What should come back is the data below, word for word, minus any picture.

─── Given material

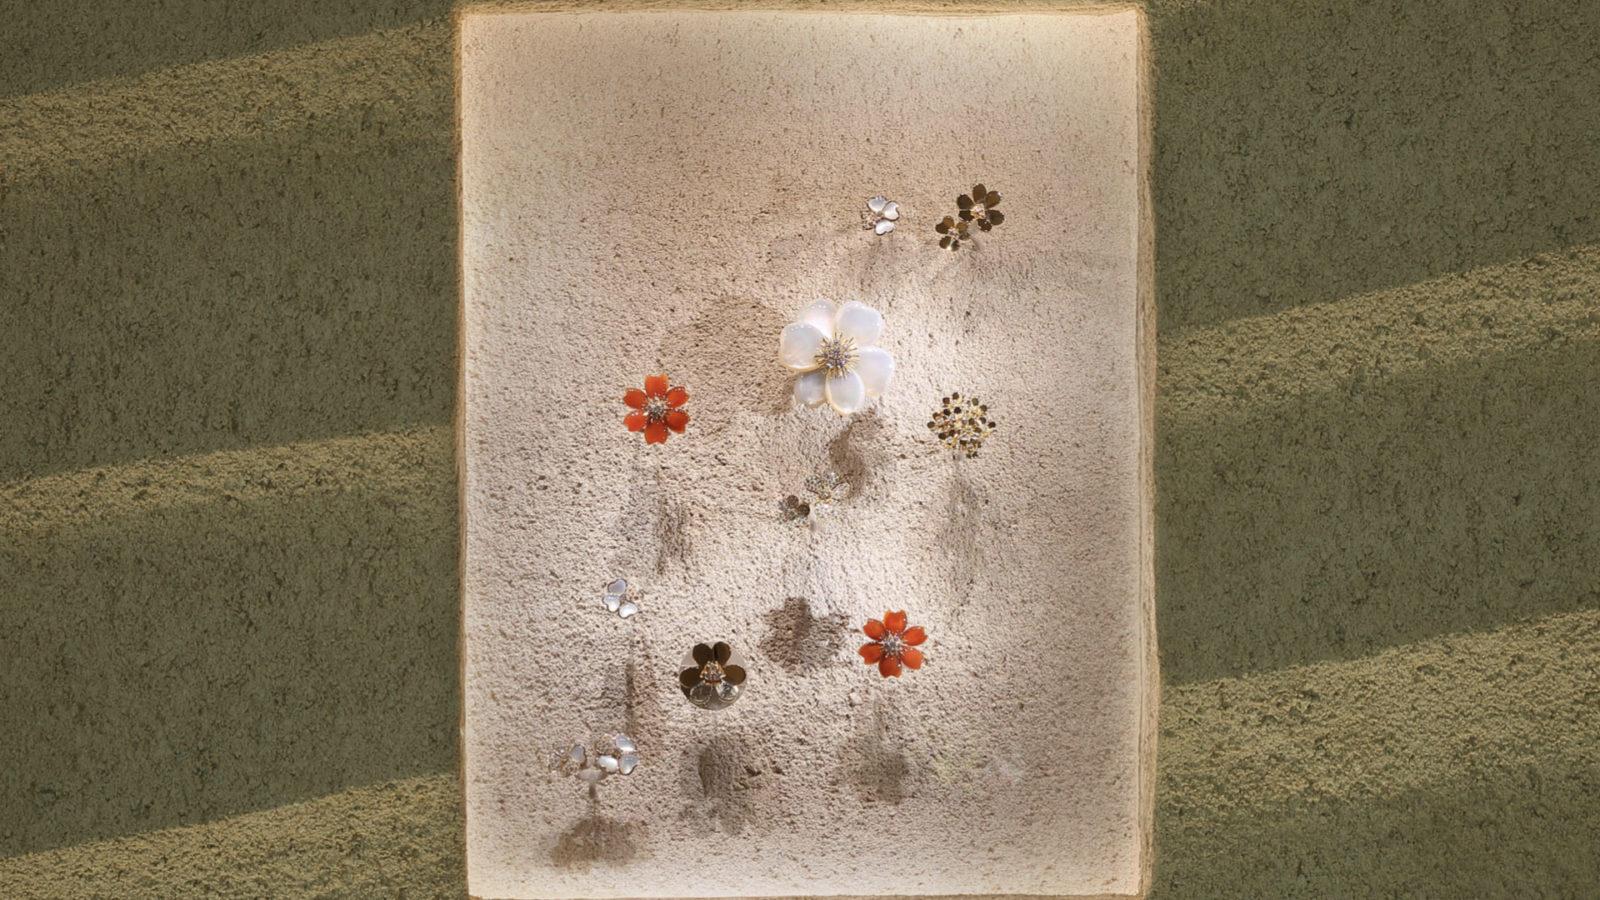 Van Cleef & Arpels 於東京舉行 LIGHT OF FLOWERS 期間限定展覽
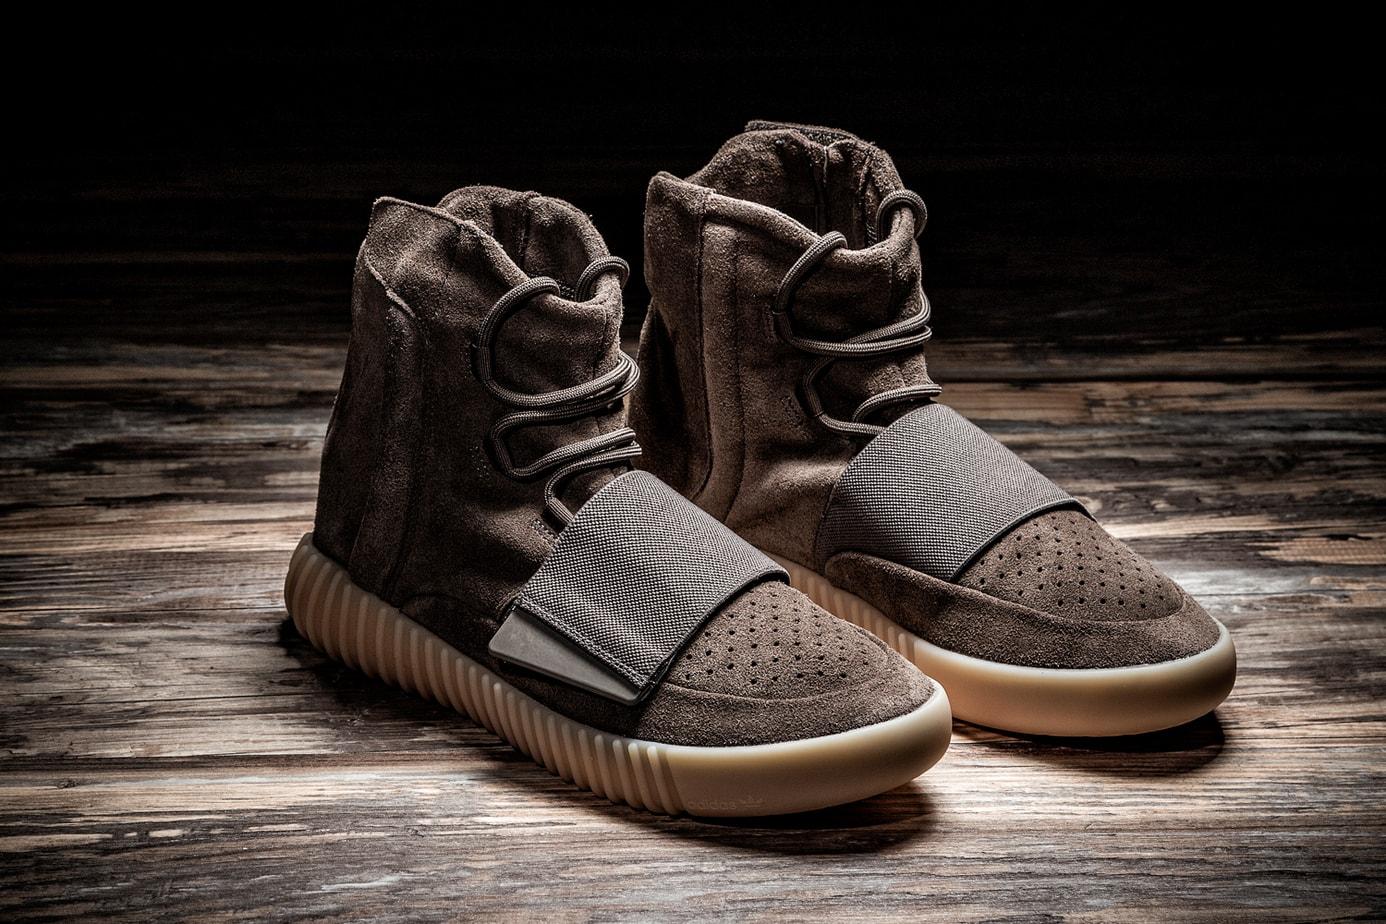 adidas yeezy 750 boost chocolate brown
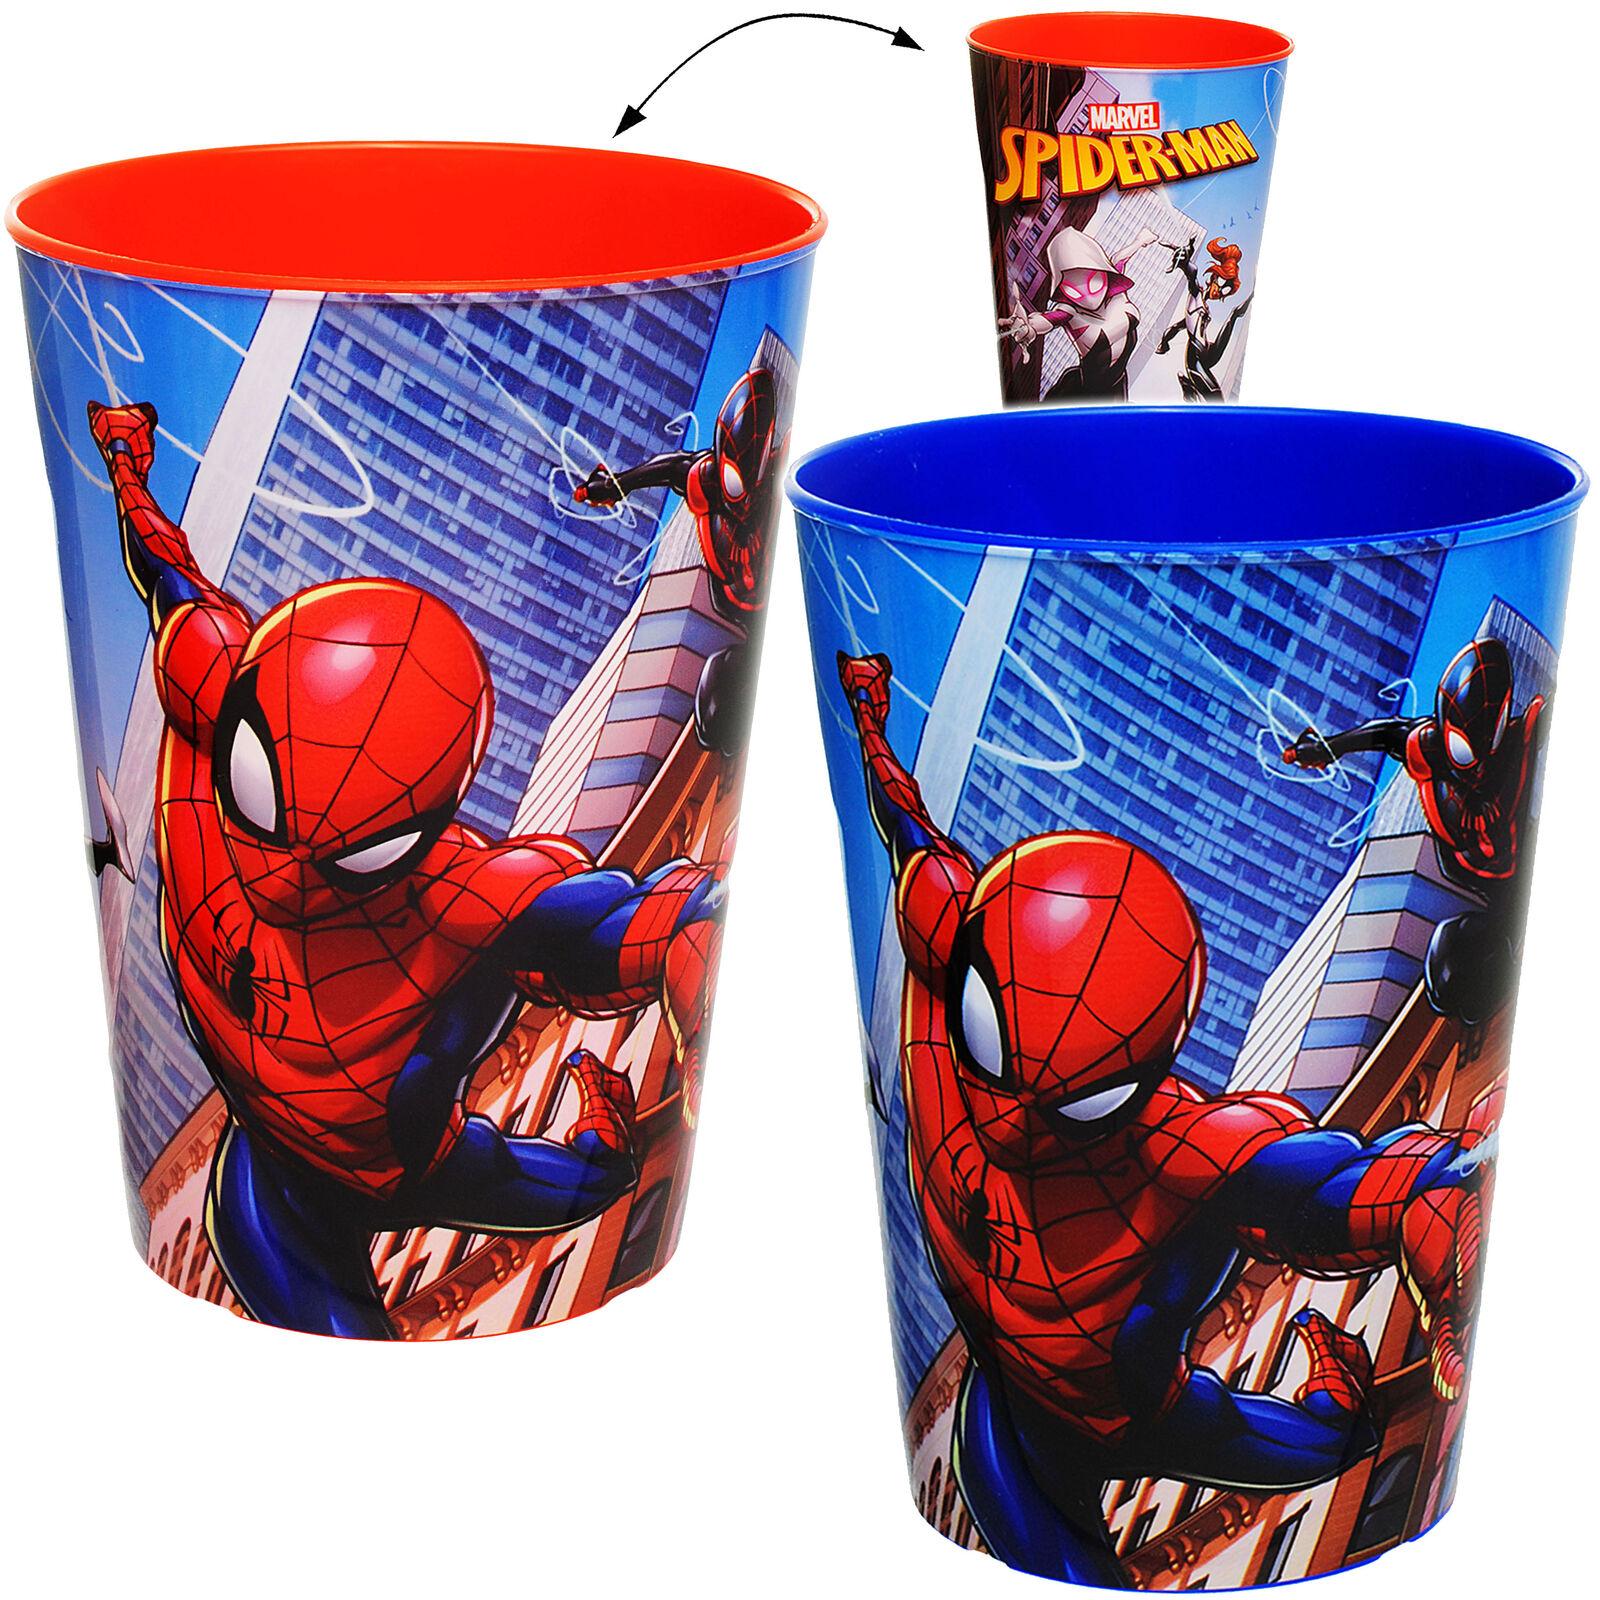 "3 in 1 - Trinkbecher / Zahnputzbecher / Malbecher - Becher - "" ultimate Spider-M"

──────

• **Answer to this task**:
 Van Cleef & Arpels 於東京舉行 LIGHT OF FLOWERS 期間限定展覽
 adidas yeezy 750 boost chocolate brown
 "3 in 1 - Trinkbecher / Zahnputzbecher / Malbecher - Becher - "" ultimate Spider-M"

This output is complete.